A human dissection training program at indiana university school of medicine-northwest

Ernest F. Talarico

Research output: Contribution to journalArticle

15 Scopus citations


As human cadavers are widely used in basic sciences, medical education, and other training and research venues, there is a real need for experts trained in anatomy and dissection. This article describes a program that gives individuals interested in clinical and basic sciences practical experience working with cadavers. Participants are selected through an open application process and attend sessions focused on anatomical terminology, gross anatomy and radiography, and some of the educational applications of human cadavers. Dissection skills are honed during an intensive, two-day cadaver dissection and orthopedic workshop. Participants communicate the knowledge they gain through table-side discussions, reflect upon the experience during a memorial service, and submit written program evaluations. Additionally the dissection and preparation of cadaveric materials accomplished in this course are used in the medical school gross anatomy course during the next academic year. From 2004 through 2008, the annual number of applicants increased from 40 to 167, and the number of participants increased from 25 to 43 per year. Program participants have represented diverse ethnic, educational, and professional backgrounds.
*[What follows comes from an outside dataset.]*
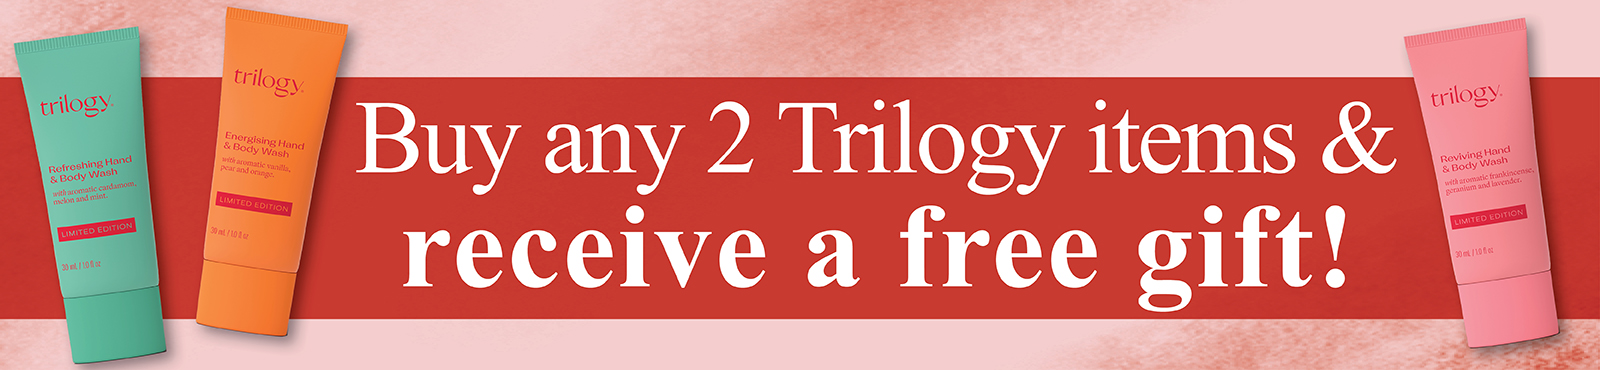 Trilogy Free Gift With Purchase

Feedback from participants has been remarkably positive, including comments on the large amount of learning that takes place during the sessions, the positive impact the program has had on career choice, and the desire for program expansion. This program, which could be replicated at other institutions, teaches anatomy, prepares cadaveric prosections for teaching and training others, and encourages participants to pursue careers in anatomical and biomedical sciences. Anat Sci Educ 3:77-82, 2010.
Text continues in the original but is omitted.